Moshe commanded. When Pharaoh refused his obstinence was met with
a clear and calculated threat. "If you refuse to allow the
people to leave, I will send the following plague in you land."
And so it went. Sometimes a plague immediately followed a warning,
other times plagues came with no warning at all. When Pharaoh
found Moshe and arranged for a cessation of the scourge, Pharaoh
reneged on his commitment soon after. Moshe became frustrated,
perhaps he even became impatient, but there was no anger until
the final plague. Then, he not only got even, he got mad.
Moshe
warned Pharaoh with the words of Hashem, "At about midnight,
I will go out in the midst of Egypt and every firstborn in the
land of Egypt shall die." (Exodus 11:4) Though Moshe detailed
the ramifications of the plague he was greeted with an apathetic
response.
Finally the Torah tells us, that "Moshe left Pharaoh in burning
anger" (Exodus 11:8) Why, only then did Moshe storm out in
a rage? Was he not accustomed to the callous recklessness of the
Egyptian leader? What irked him during the last encounter more
than any of the previous ones?
The great physicist Albert Einstein escaped the Nazi inferno
to find a haven in the United States. During World War II his
letter to President Roosevelt initiated the effort that spurred
the creation of the atomic bomb. His theory of relativity was
a prime factor in its development, and Einstein knew the destructive
power that his ideas could potentially release. When Einstein
heard in an August 6, 1945, radio broadcast that an atomic device
was dropped on the city of Hiroshima, he reacted with stunned
silence. After a moment of somber reflection he only found two
words to say. "Oy vey!"
Rabbi Shimon Schwab (d.1994) explains that Moshe had patience
with Pharaoh up to a point. Throughout the ordeal, the reckless
king's obstinate decisions caused a great amount of discomfort
to his people. Even when his advisors pleaded, "How long
will this man [Moshe] be an obstacle, let them [the Jews] serve
their G-d," Pharaoh refused. His recalcitrance brought plagues
of pestilence, boils, locust, and darkness -- in addition to blood,
frogs, and lice. All of these afflictions were vastly uncomfortable
-- but not fatal. Even the fiery hail did not harm the G-d-fearing
Egyptians that sought shelter.
The last, the Plague of the First Born, had the most devastating
ramifications. It meant the deaths of thousands of Egyptians "from
the firstborn son of Pharaoh to those of the maidservant who was
behind the millstone." It was devastation so powerful that
the Torah says that "such has never been and will never be
again." (Exodus 11:6) Pharaoh was able to stop the imminent
destruction with one simple word -- "Go." Yet he chose
to remain steadfast in his denial, bringing the downfall of his
people and the death of innocents. And that callous and reckless
behavior infuriated Moshe, whose compassion for the simplest of
beings earned him the right to be the leader of the Jewish nation.

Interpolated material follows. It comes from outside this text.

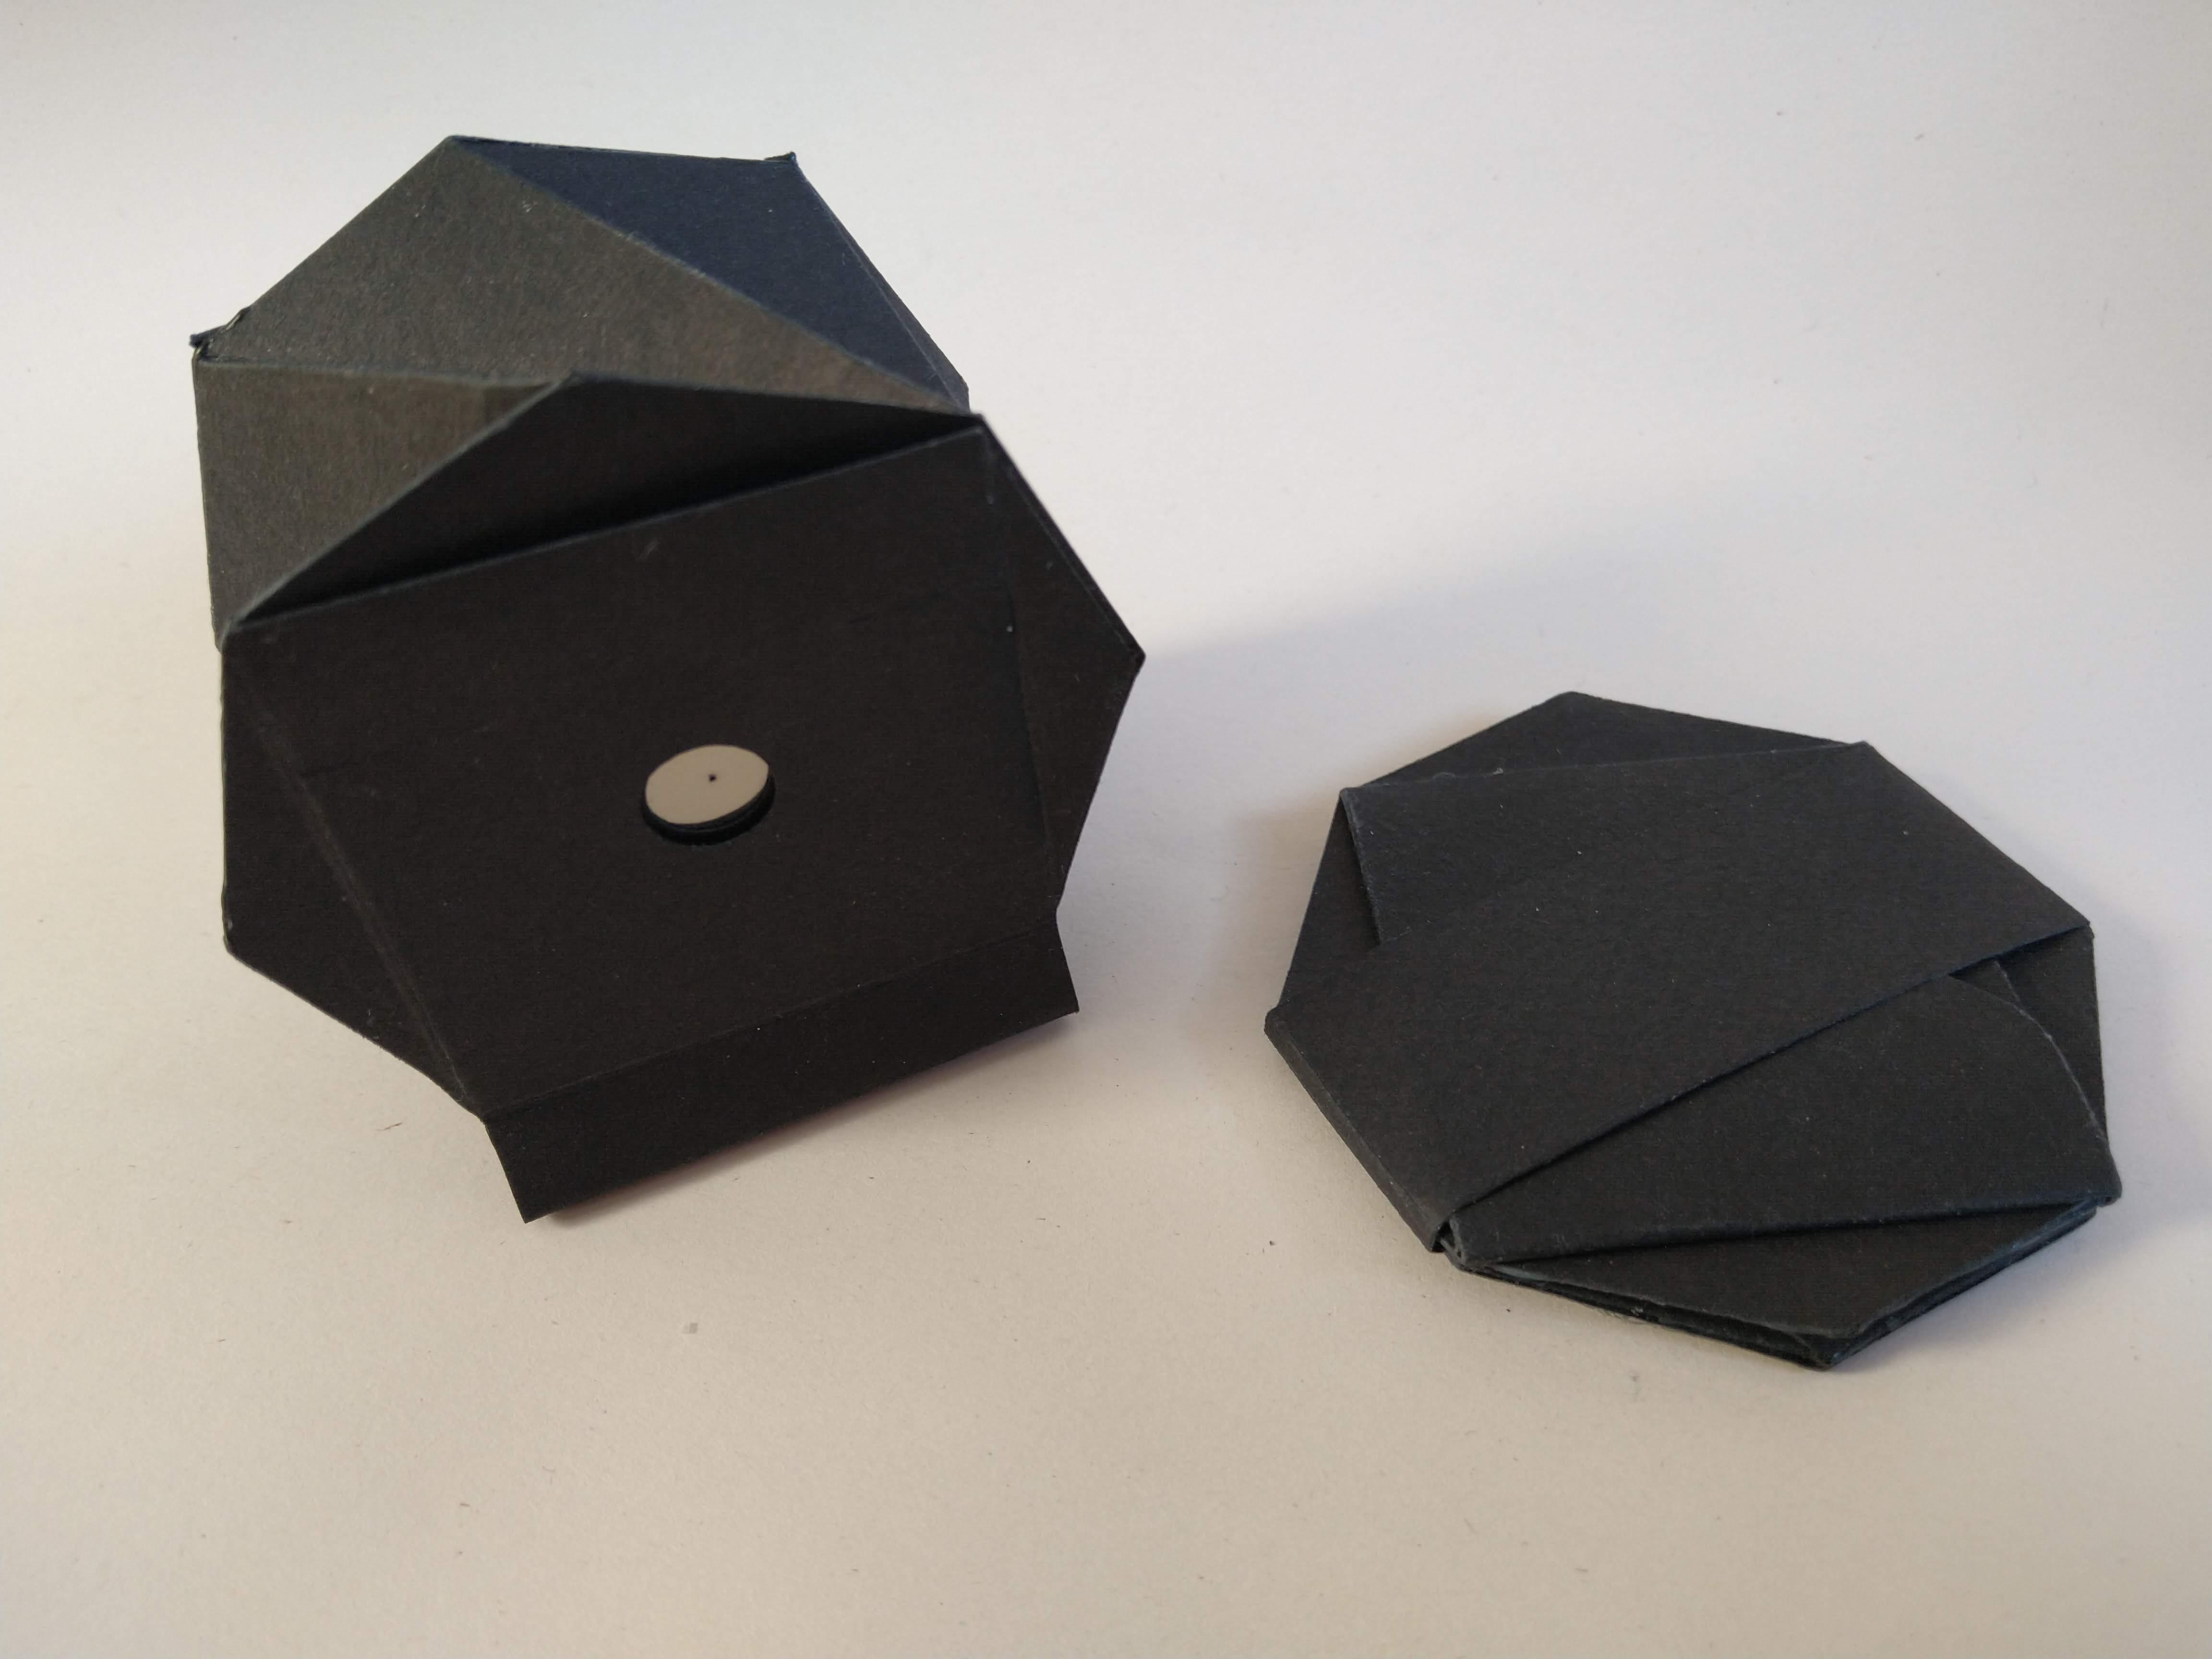 Collapsible Origami Pinhole Camera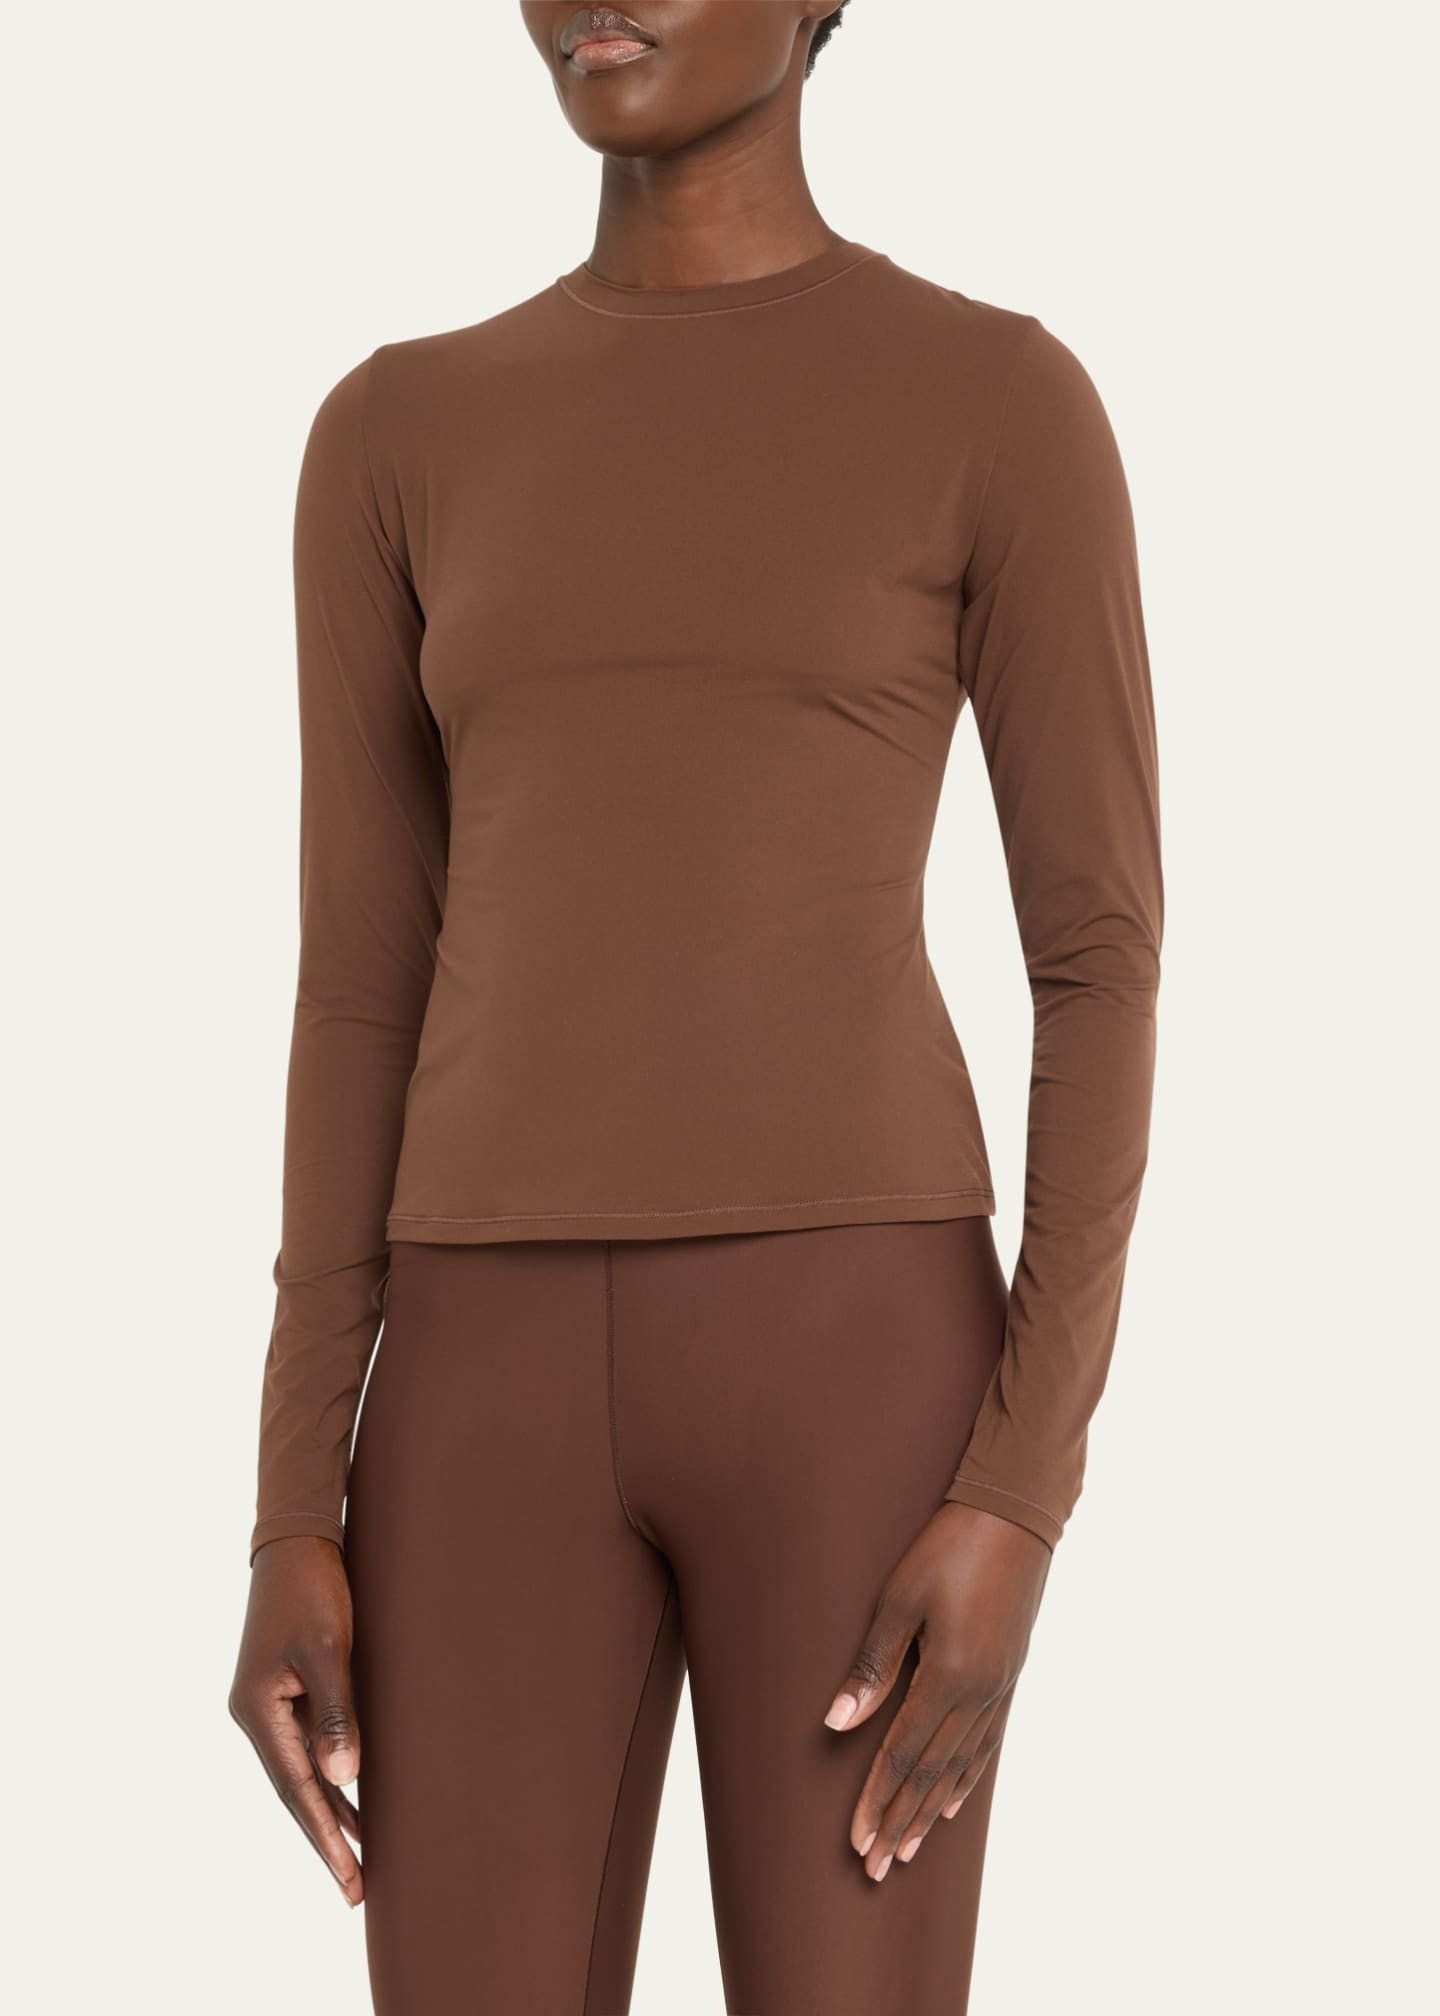 SKIMS - Fits Everybody Long Sleeve Crewneck Dress in Bronze at

The stark contrast displayed by his nemesis appalled him to the
point of rage. The Torah commands us, "do not to hate the
Egyptian, for you were a sojourner in his land." (Deuteronomy
23:8) The Torah's attitude toward a nation that held us captive
is even more compassionate than that of its own leaders. Barbaric
leaders egging on many simple people throughout the world, to
act in a self-destructive manner are reminiscent of the Pharaoh
who destroyed his own family to save his ego. It's enough to make
anybody -- even the most humble man who ever lived -- very angry.